COLLECTED DATA:
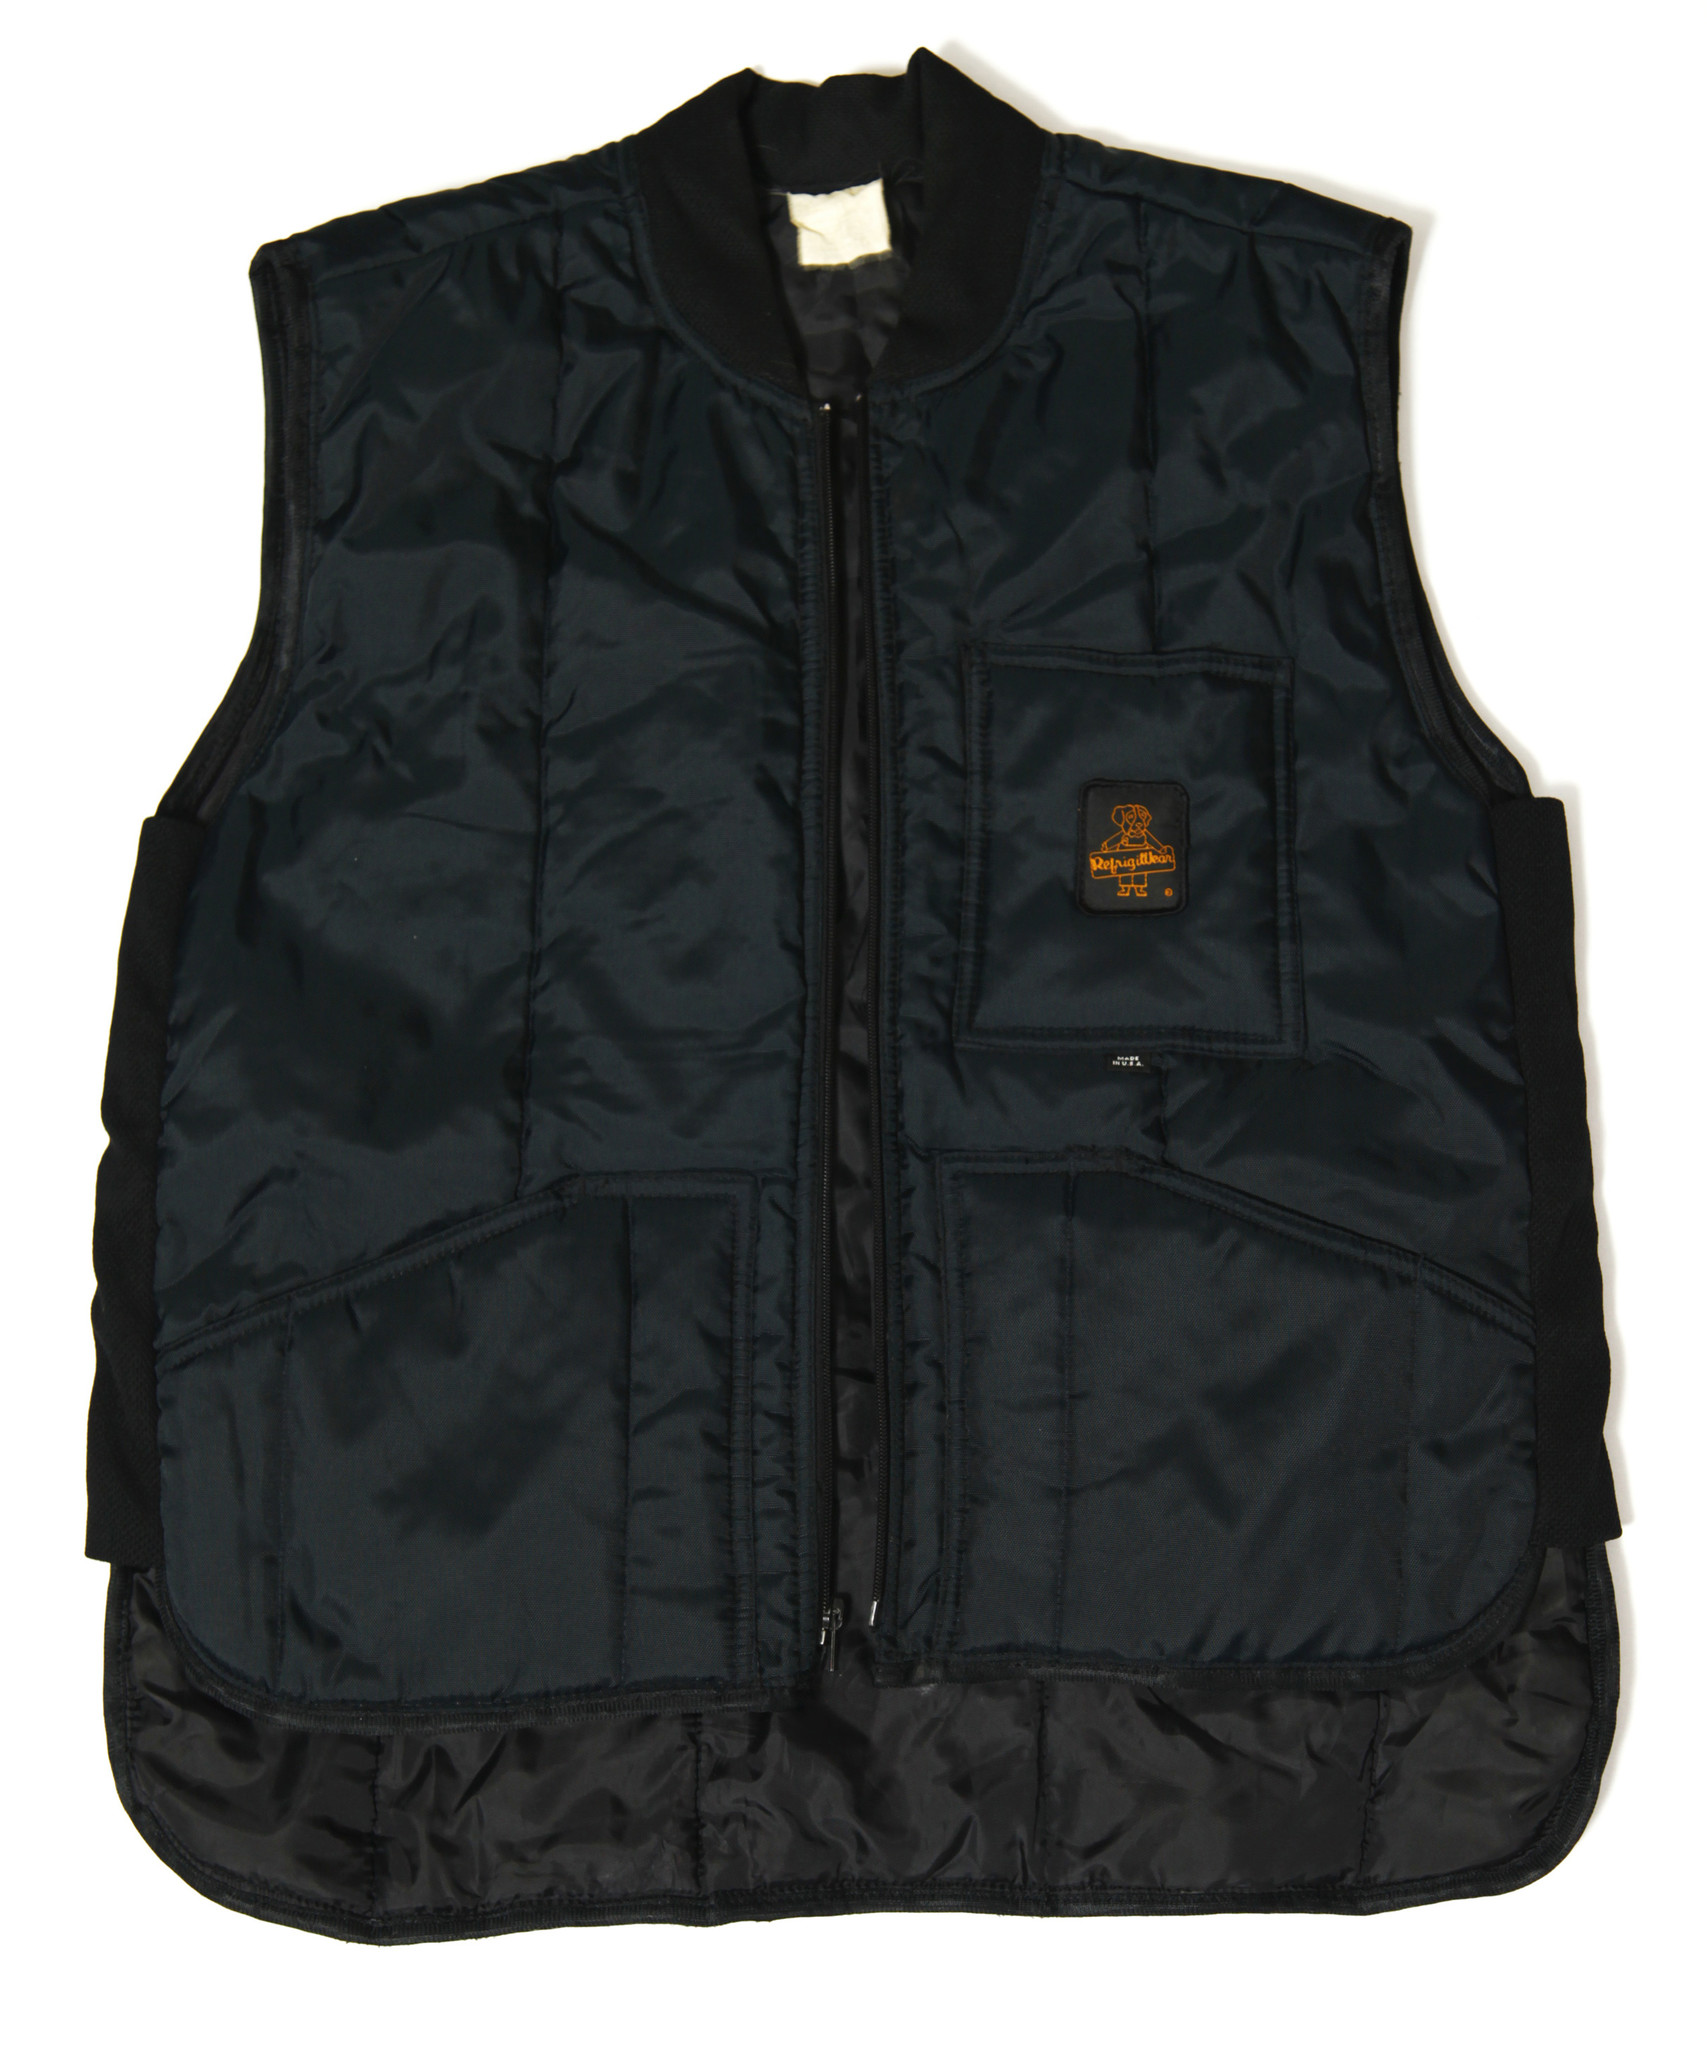 Black Refrigiwear vest
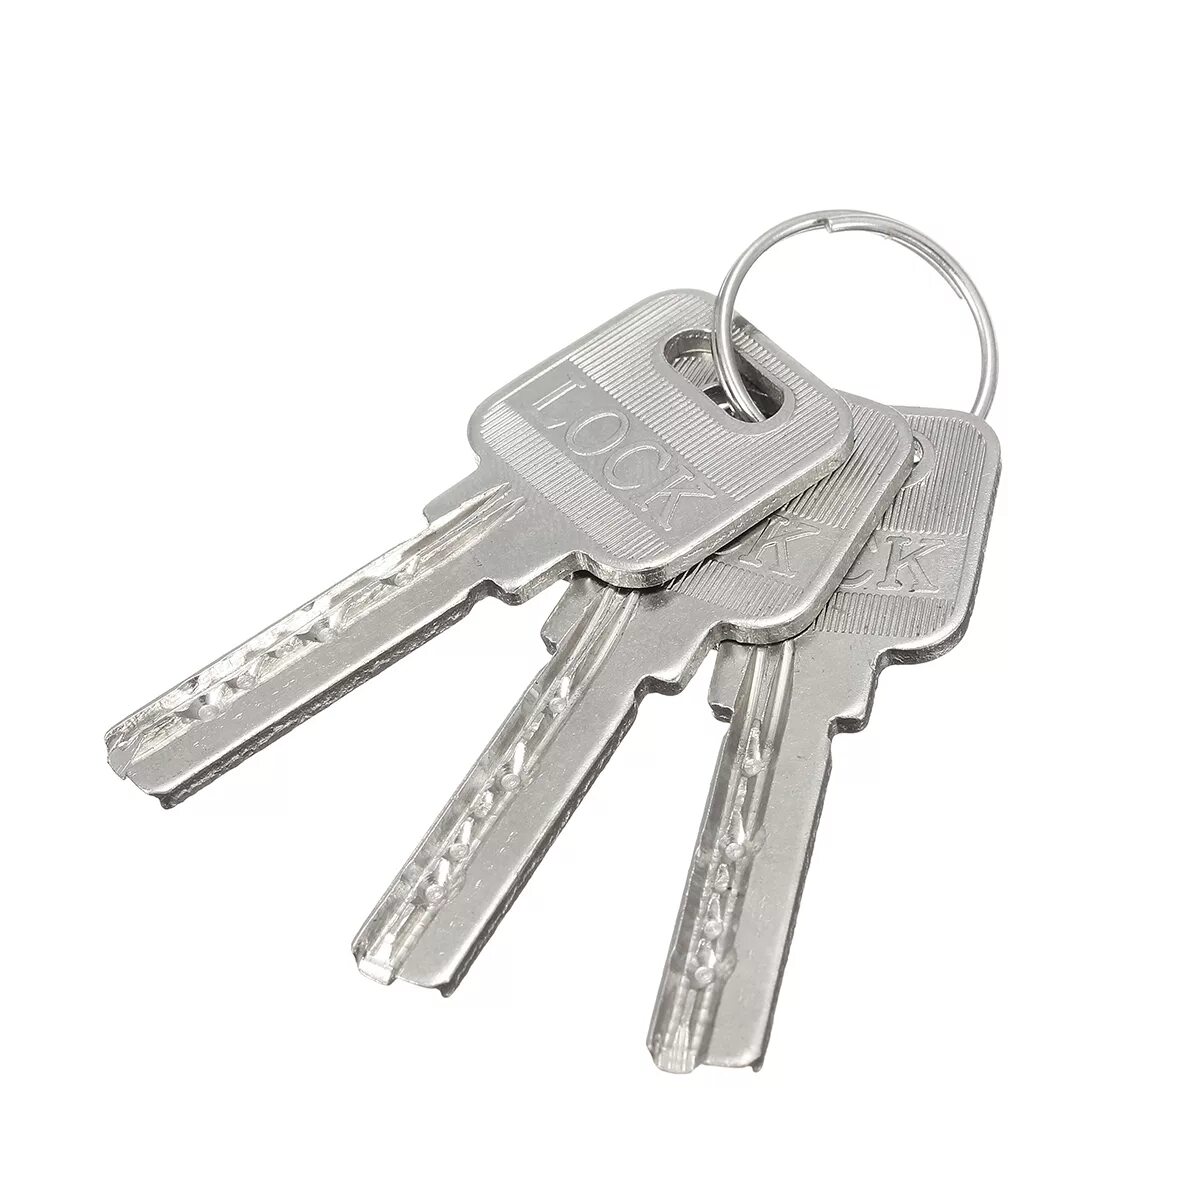 Ключ ul-4 замок дверной. Ключ 21417 для замка. Ключи и замки Doorlock. Ключи для замков (- \ для замка Shanghai Lianjiang Electric ms739-1).
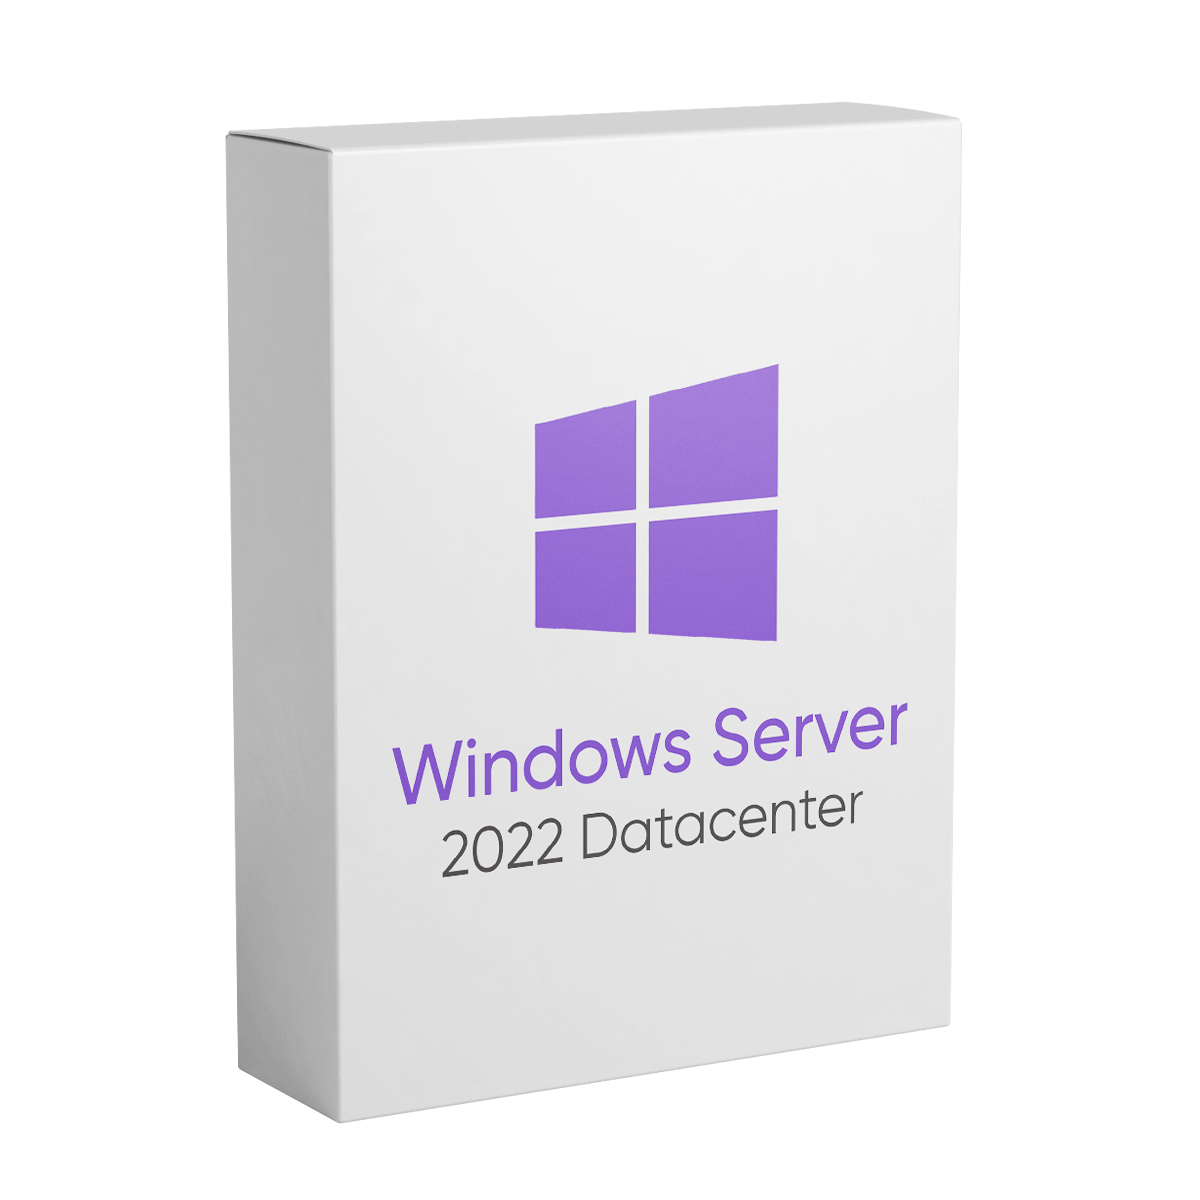 Windows Server 2022 Datacenter - Lifetime License for 1 PC

TASK GOAL: From the line that contains "Ключ ul-4 замок" to the end of the listing, give every line again exactly as written. Leave the pictures out.

WRITTEN SOLUTION:
 Ключ ul-4 замок дверной. Ключ 21417 для замка. Ключи и замки Doorlock. Ключи для замков (- \ для замка Shanghai Lianjiang Electric ms739-1).
 Windows Server 2022 Datacenter - Lifetime License for 1 PC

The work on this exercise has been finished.